Client can send a value TimeoutMilliseconds via Header: The time span to wait before canceling this (milliseconds), if the task execute exceed the value work process could use that value for setting
interrupt like Cancellationtoken.
For example the MessageOutputTask JSON could look like below, status=201 represents that this message will be re-queued for processing next time, the message will bring the Headers information when requeue again.
{
"Message": "This is Mock Json Data",
"Status": 201,
"Headers": {
"CreateTimestamp": "2025-01-01T14:35:00Z",
"PreviousProcessingTimestamp": "2025-01-01T14:40:00Z",
"Source": "OrderProcessingService",
"PreviousExecutedRows": 123,
"RequeueTimes": 3
}
}
- Fork the Repository: Start by forking the project repository to your github account.
- Clone Locally: Clone the forked repository to your local machine using a git client.

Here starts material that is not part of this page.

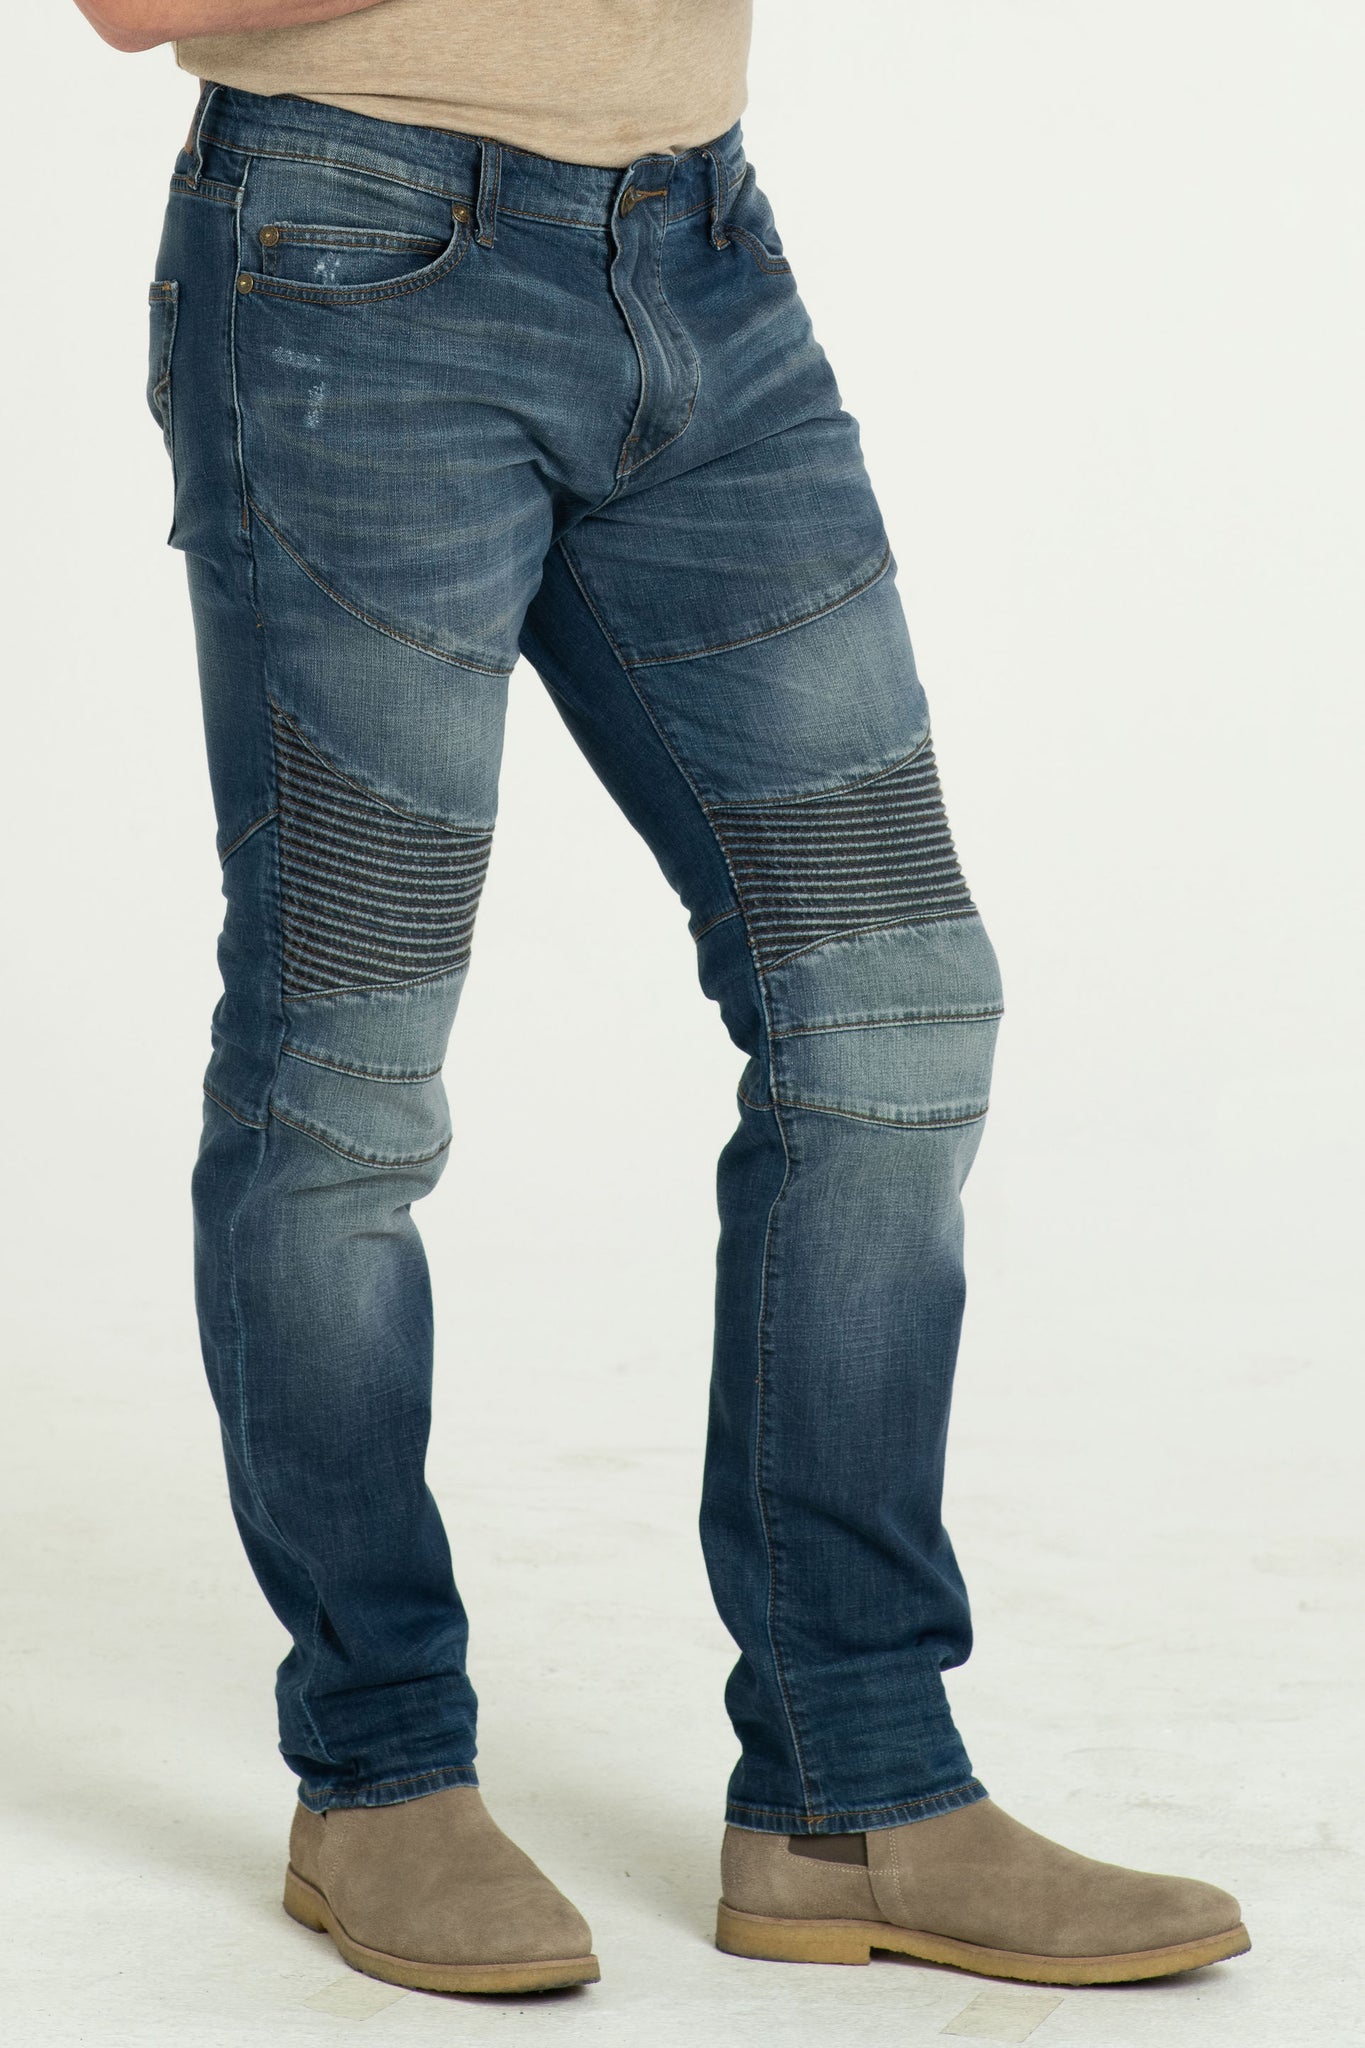 MOTO DENIM PANTS IN DESERT DAYZ – Stitch's Jeans

git clone https://github.com/isdaniel/MessageWorkerPool
- Create a New Branch: Always work on a new branch, giving it a descriptive name.
git checkout -b new-feature-x
- Make Your Changes: Develop and test your changes locally.
- Commit Your Changes: Commit with a clear message describing your updates.
git commit -m 'Implemented new feature x.' - Push to github: Push the changes to your forked repository.
git push origin new-feature-x
- Submit a Pull Request: Create a PR against the original project repository. Clearly describe the changes and their motivations.
- Review: Once your PR is reviewed and approved, it will be merged into the main branch. Congratulations on your contribution!